Menurut VoxEU Centre for Economic Policy Research (CEPR), tingkat inflasi global sepanjang 2021 hingga triwulan I 2022 meningkat menjadi lebih dari 6%, tertinggi sejak Krisis Keuangan Global 2008.
Kenaikan inflasi global ini sudah melebihi target inflasi banyak bank sentral negara maju maupun berkembang. Inflasi IHK (Indeks Harga Konsumen) tahunan pada April 2022 di Amerika Serikat dan Belanda masing-masing telah mencapai 8,3% dan 9,6%. Sementara itu, inflasi IHK di Inggris (Maret 2022) mencapai 7%, tertinggi sejak periode akhir 1970 hingga awal 1990-an.
Beberapa negara berkembang pun tidak luput dari fenomena ini. Misalnya, Meksiko dan India yang inflasi IHK tahunannya masing-masing mencapai 7,7% dan 7,8% pada April 2022. Bahkan inflasi IHK tahunan Turki dan Sri Lanka masing-masing telah mencapai 69,9% dan 29,8% pada periode yang sama.
International Monetary Fund (IMF) bahkan memperkirakan inflasi pada 2022 di negara maju akan mencapai 5,7% dan di negara berkembang sebesar 8,7%, masing-masing 1,8% dan 2,8% lebih tinggi dari proyeksi WEO pada Januari 2022.
Fenomena peningkatan inflasi terjadi pula di Indonesia, meski masih dalam tingkat terkendali dibandingkan banyak negara lain. Pada April 2022, inflasi mencapai 3,47%, tertinggi sejak Agustus 2019. Namun, perekonomian Indonesia masih mencatatkan pertumbuhan solid dengan tumbuh 5,01% yoy pada triwulan I 2022 yang didukung oleh pertumbuhan konsumsi yang lebih tinggi dibandingkan periode sebelumnya (Q1-2022: 4,34%; Q4-2021: 3,55%). Selain itu, Outlook Indonesia dari lembaga pemeringkat S&P pun mengalami perbaikan menjadi “Stabil” dari sebelumnya dinyatakan “Negatif”.

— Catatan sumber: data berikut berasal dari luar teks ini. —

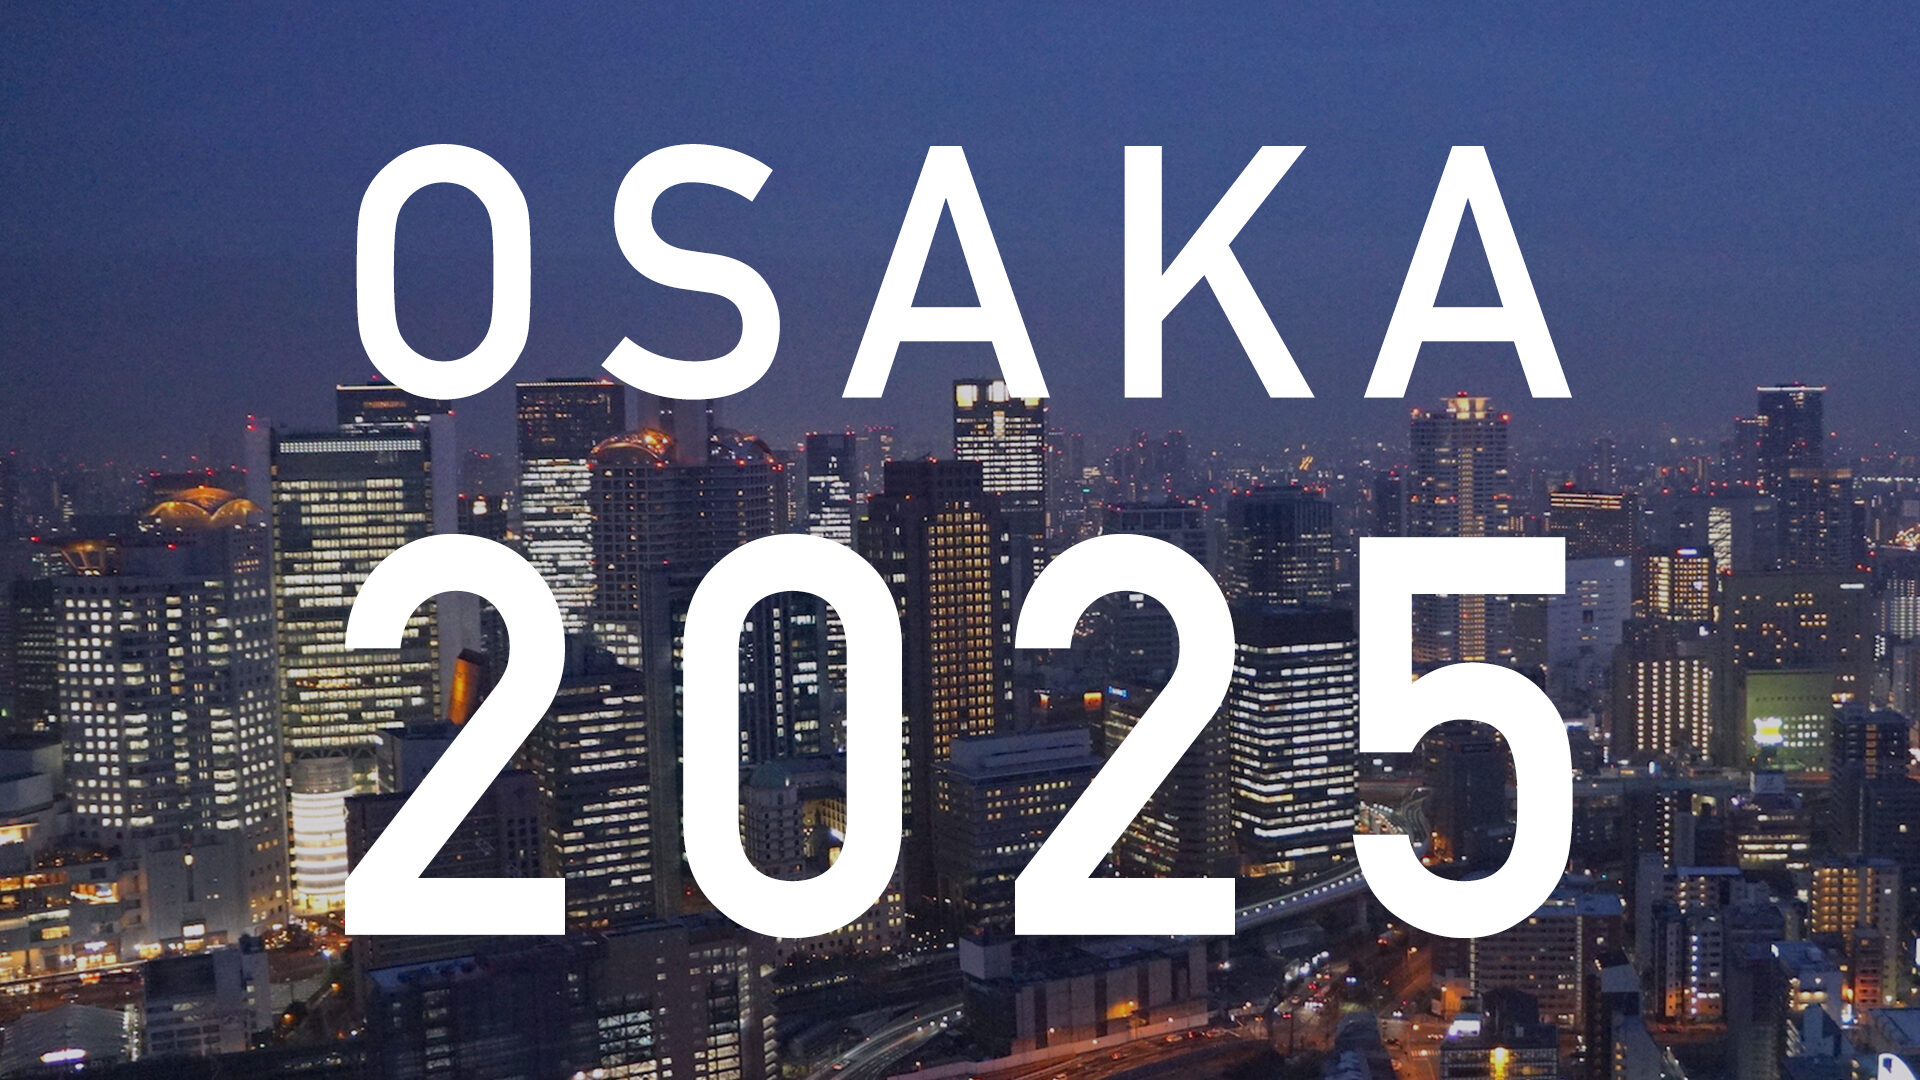 大阪万博までに完成予定の再開発計画まとめ。2025年までに続々竣工予定。のサムネイル画像

Kembali ke inflasi global, tingginya inflasi disebabkan multifaktor, seperti gangguan rantai pasok sektor manufaktur secara konstan, melonjaknya harga komoditas pangan dan energi di tengah meningkatnya permintaan seiring peningkatan mobilitas penduduk, serta perang Rusia-Ukraina.

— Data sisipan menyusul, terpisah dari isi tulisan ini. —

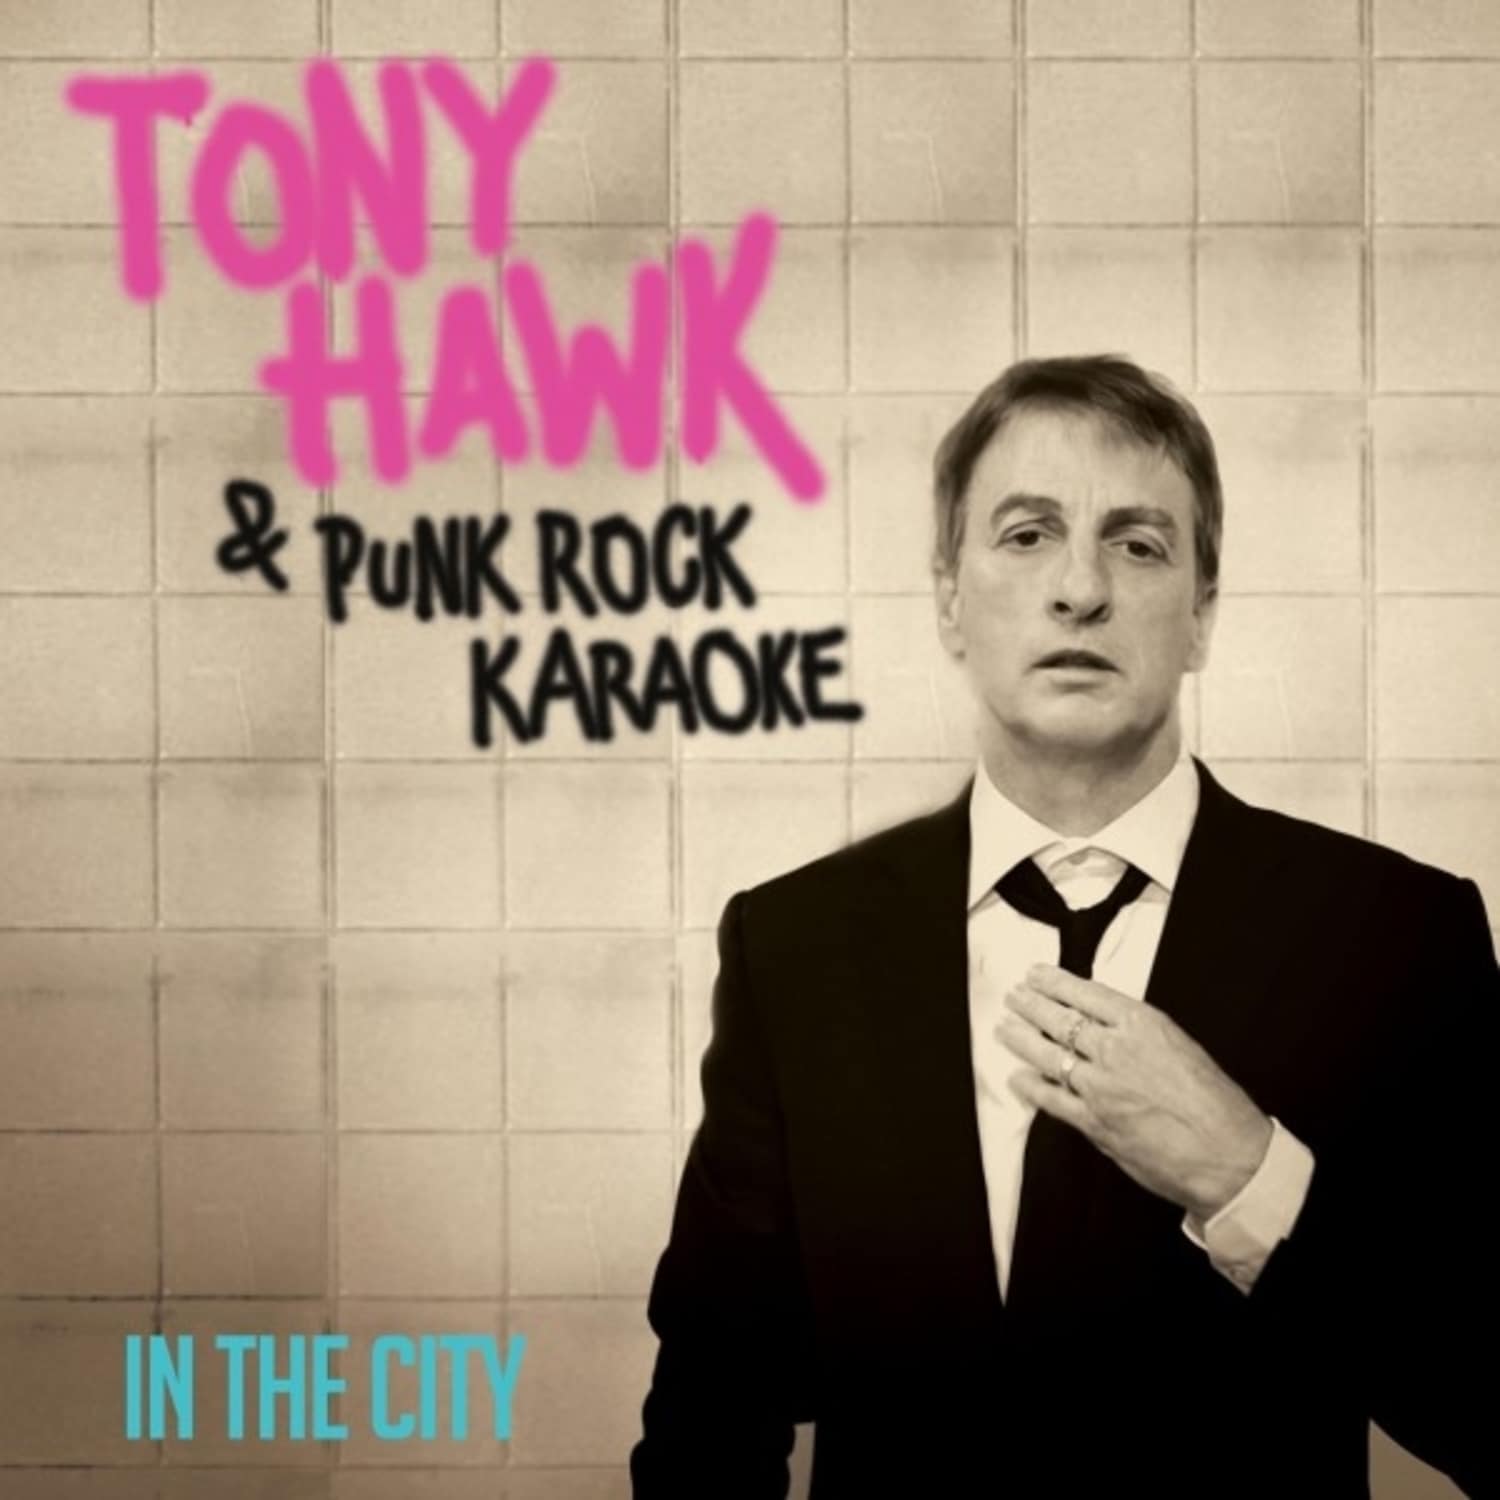 Tony Hawk & Punk Rock Karaoke - IN THE CITY RED

Kebijakan kontrasiklus, baik moneter maupun fiskal, yang digelontorkan secara maksimal untuk menyelamatkan perekonomian di masa pandemi ini berdampak pula pada inflasi. The Federal Reserve San Fransisco menulis bahwa besarnya stimulus fiskal Amerika Serikat dalam menghadapi pandemi menjadi faktor pendorong inflasi.
Para ekonom dan pengambil kebijakan masih memperdebatkan apakah inflasi global ini bersifat sementara atau jangka panjang. CEPR berpendapat bahwa dalam jangka menengah, jika gejolak perekonomian global mereda, inflasi diperkirakan akan kembali ke target yang diharapkan oleh otoritas-otoritas moneter di seluruh dunia. Sementara itu, IMF menyebutkan terdapat peningkatan risiko atas tidak menurunnya ekspektasi inflasi.
Bagaimana menurunkan inflasi? Dalam teori ekonomi standar tentu ini menjadi ranah otoritas moneter, terutama banyak otoritas moneter menganut rezim inflation targeting. Menurunkan inflasi dengan pengetatan tentu bukan tanpa biaya.
Seberapa besar resesi atau perlambatan yang harus dialami untuk menurunkan inflasi, tentu berbeda untuk tiap perekonomian bergantung pada elastisitas Phillips Curve masing-masing negara. Kurva Phillip menjelaskan hubungan ekonomi riil yang digambarkan dengan tingkat pengangguran dan inflasi.
Perlambatan ekonomi di saat harga-harga masih meningkat, atau disebut dengan stagflasi, perlu dihindari oleh seluruh negara secara bersama-sama. Pengetatan kebijakan moneter bukan satu-satunya instrumen untuk menahan inflasi, meskipun perannya termasuk utama.
Kerja sama antarnegara untuk memastikan rantai pasok dan arus barang tetap lancar dan terjangkau di masa pemulihan juga penting, sebab dampak kebijakan moneter akan dirasakan berbeda lintas kelas sosio-ekonomi. Karena itu, negara dapat memberi bantalan terhadap masyarakat, baik dengan subsidi, kebijakan yang mempengaruhi harga, maupun direct transfers kepada masyarakat rentan.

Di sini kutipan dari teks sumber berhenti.